My painting of fireworks |
The beginning of our hike. It's beautiful!! |
Josh, Stephanie and baby Luke comfortable in the sling! |
Del & Trudy We made it to the upper lake - with the return trip ahead of us. |
So...here's Del's story about one of his 4th of July celebrations. This is a true story. We removed names from this story to protect the innocent…I mean the guilty!!

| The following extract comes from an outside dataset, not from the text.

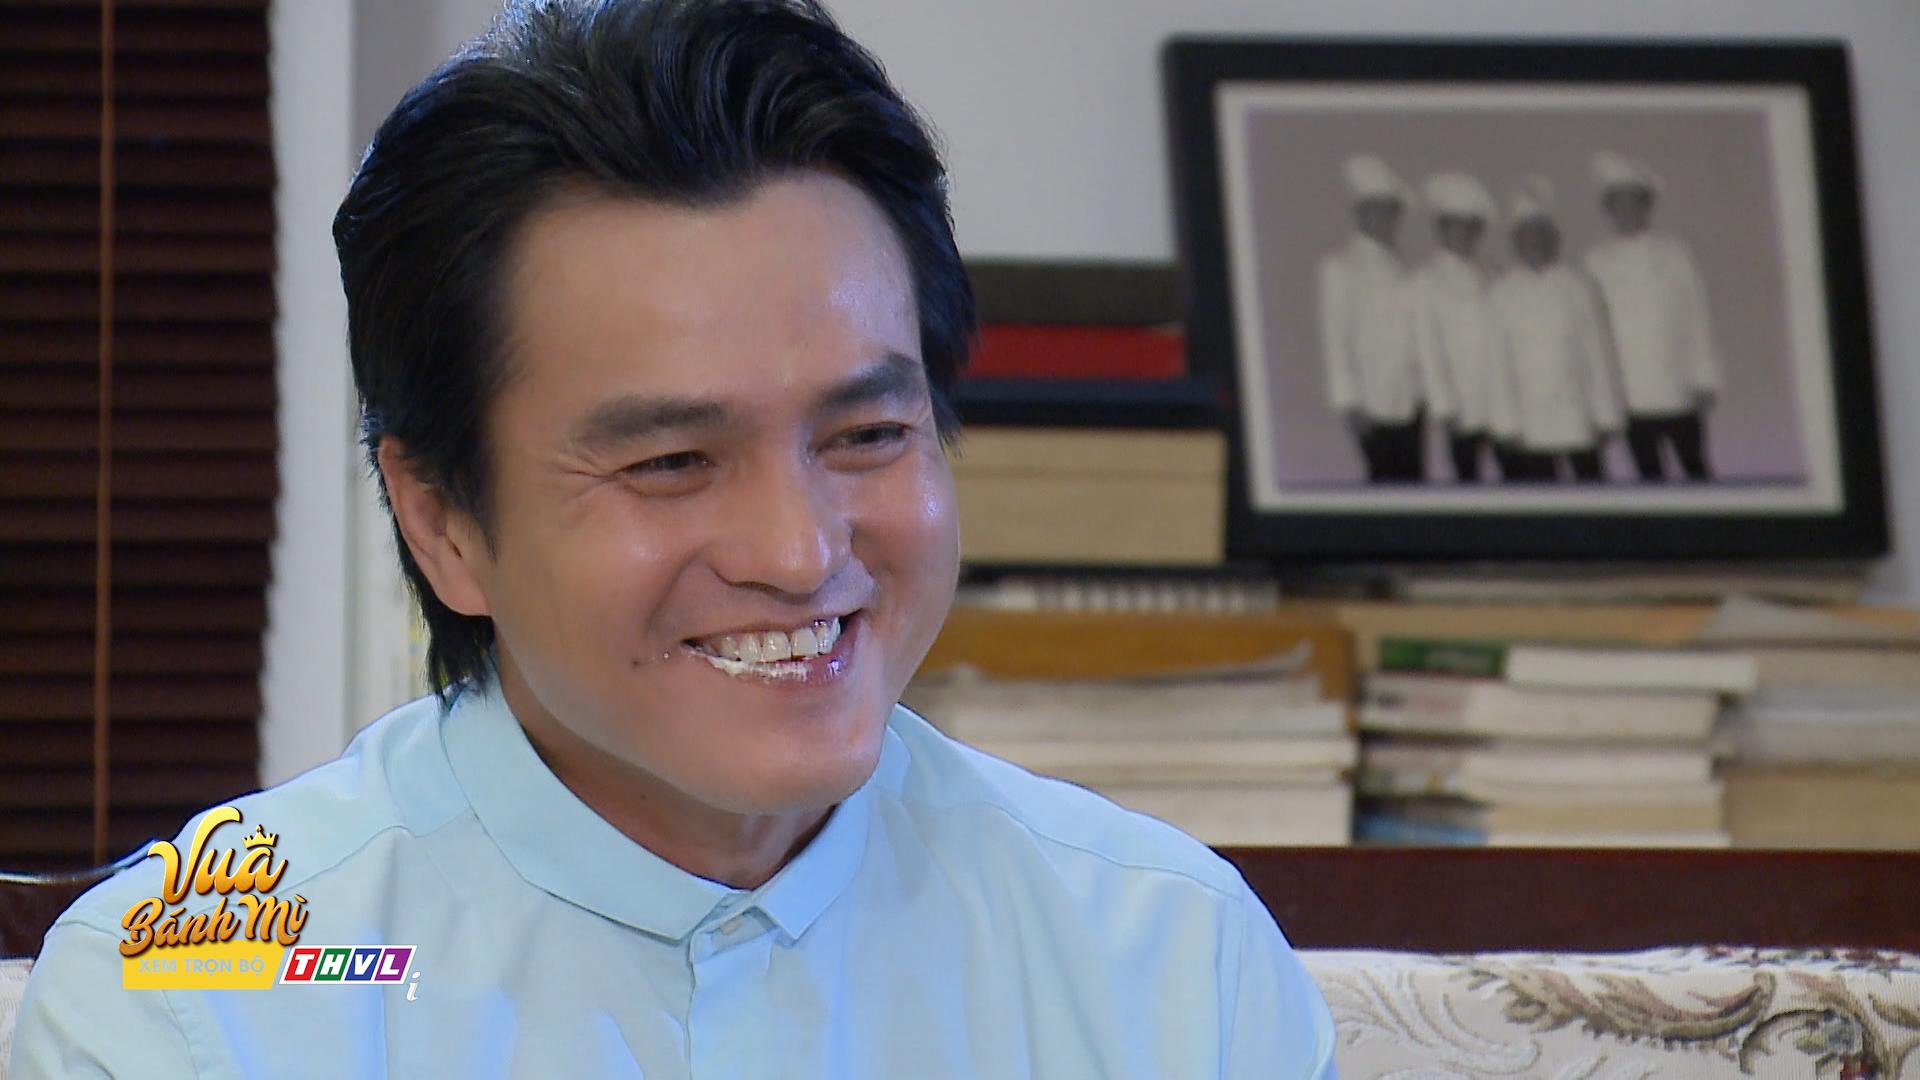 'Vua bánh mì' tập 8: Đúng là 'cha nào con nấy', con trai Cao Minh Đạt cũng sở hữu tài nghệ làm bánh từ cha 2

The Fourth of July Rockets
There’s a good reason why some
fireworks are not considered safe and sane. It’s also foreseeable to recognize
that when fireworks fall into the hands of college students there use would
most likely result in minor property damage if not physical bodily harm. This type of story can only be told with a disclaimer –
don’t try this at home!
My roommate who drove truck on the
weekends returned from Southern California having gathered up an array of
bottle rockets, some small, some very large. These had been carelessly
disseminated amongst several nearby apartments where I lived at the time.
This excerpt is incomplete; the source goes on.